_HOW TO COMPLETE THIS TASK_: Retype word for word the stretch of entries below from the line that has "melodydursun-fond-mars2019-android" through the line that has "Wanita Kulit Hitam", and omit the pictures.

_STUDY MATERIAL_:
====
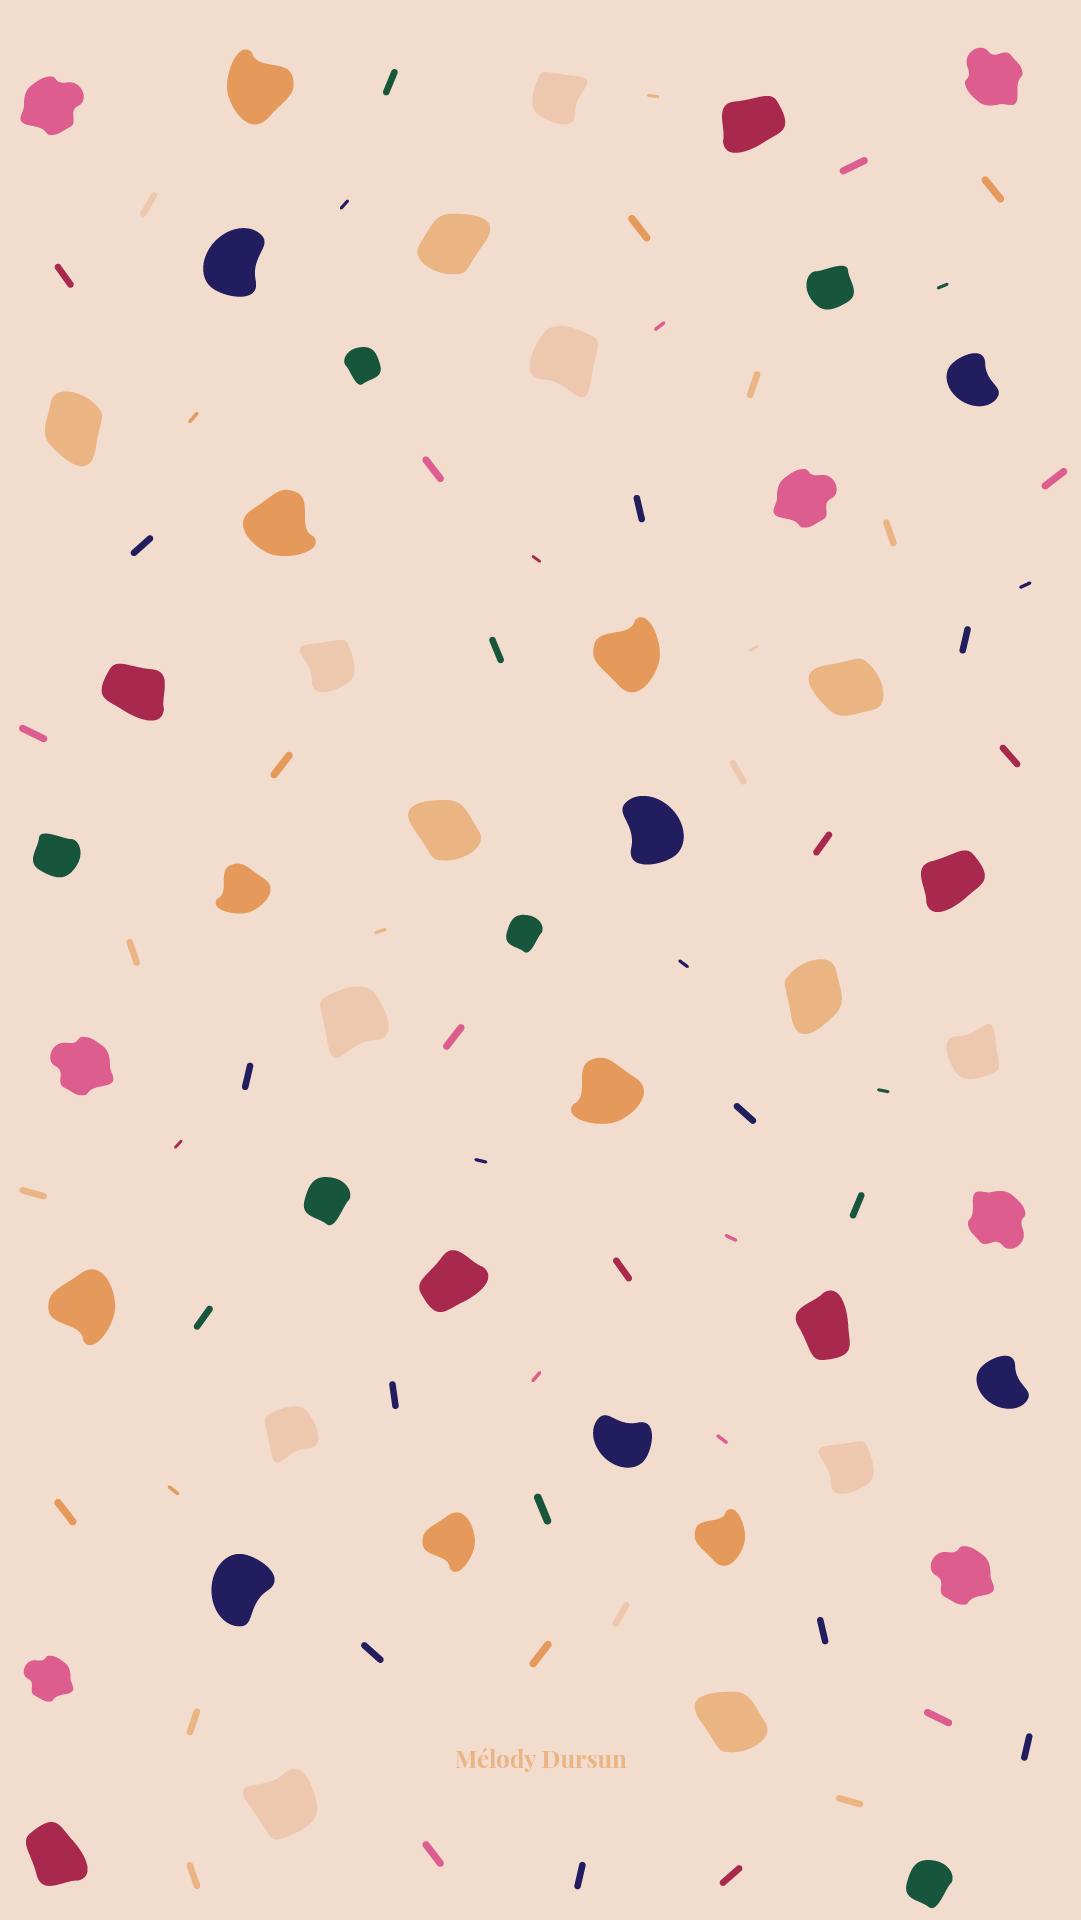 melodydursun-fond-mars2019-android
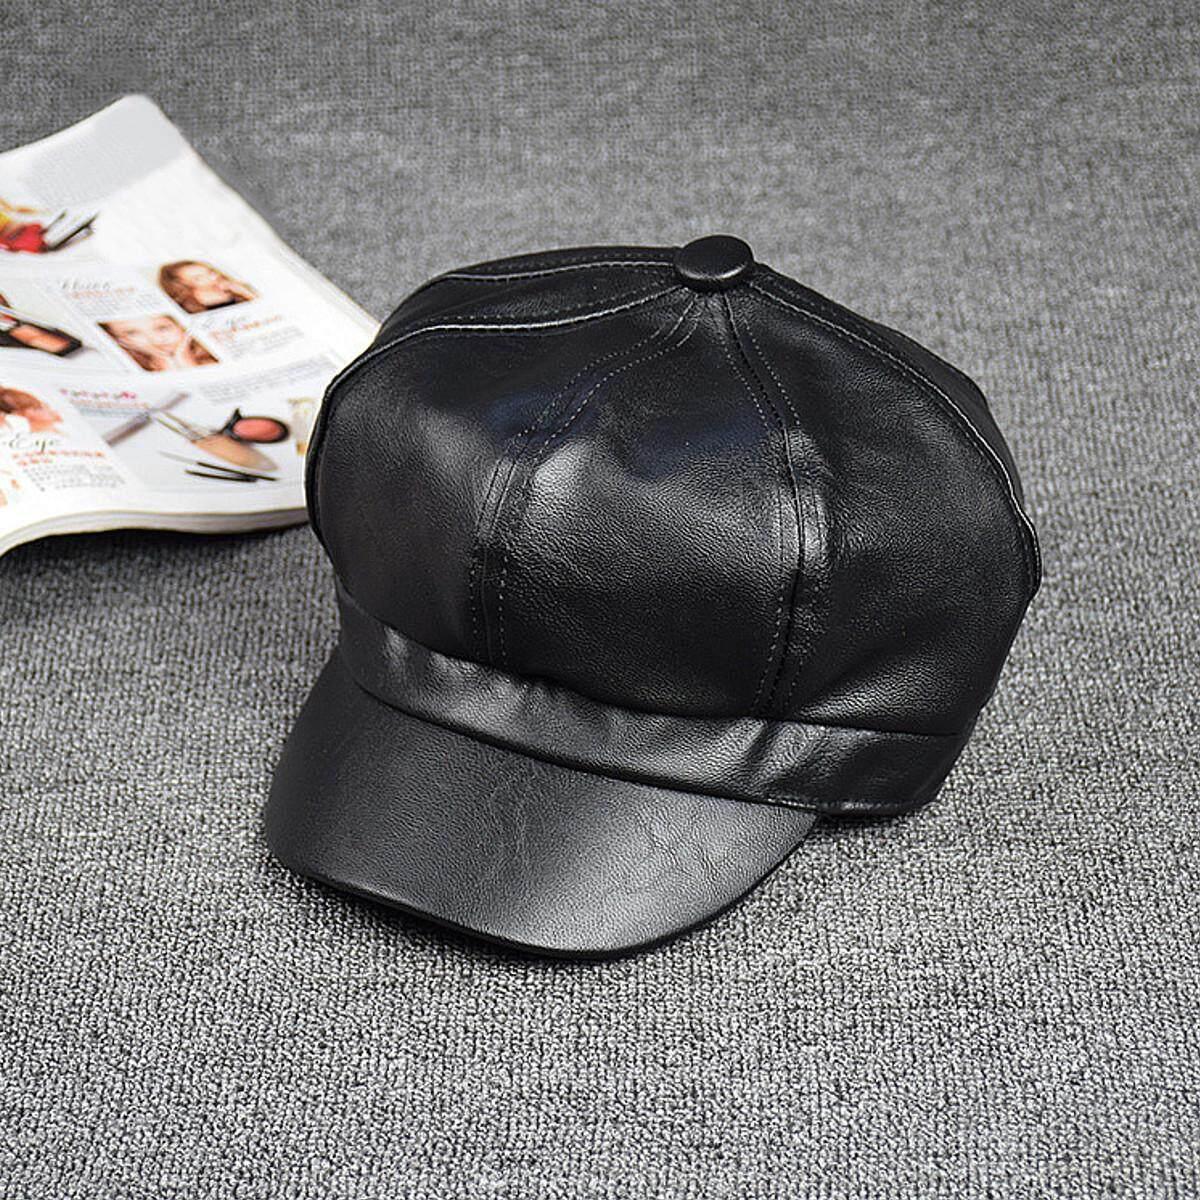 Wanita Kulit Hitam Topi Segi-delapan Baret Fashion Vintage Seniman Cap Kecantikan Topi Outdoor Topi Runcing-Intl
====
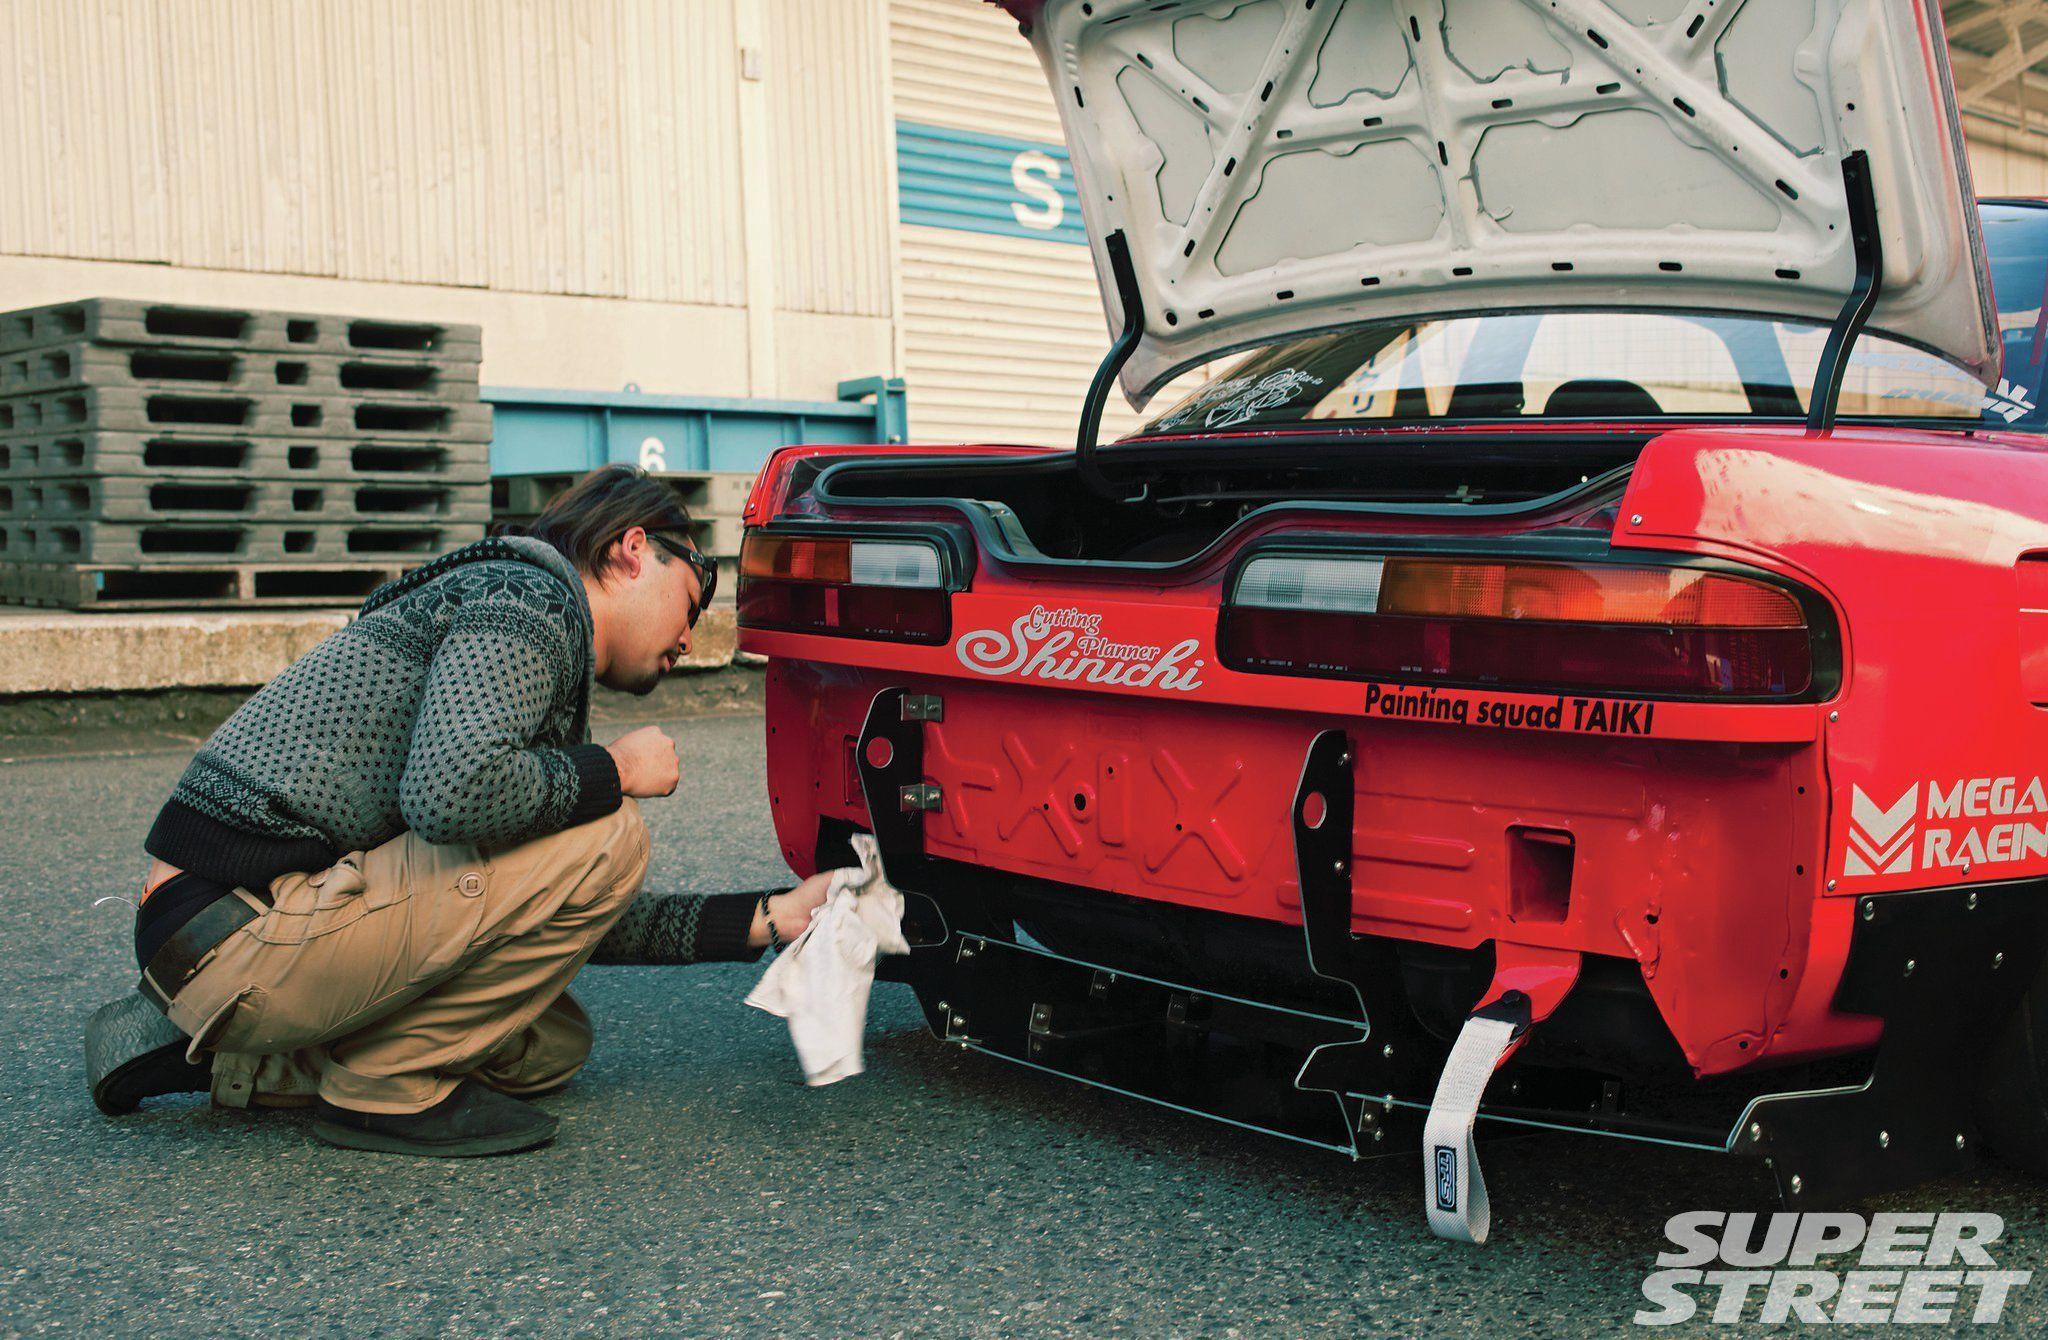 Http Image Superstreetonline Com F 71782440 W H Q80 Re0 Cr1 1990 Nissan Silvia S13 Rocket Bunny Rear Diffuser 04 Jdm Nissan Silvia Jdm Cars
====
_EXERCISE RESPONSE_:
 melodydursun-fond-mars2019-android
 Wanita Kulit Hitam Topi Segi-delapan Baret Fashion Vintage Seniman Cap Kecantikan Topi Outdoor Topi Runcing-Intl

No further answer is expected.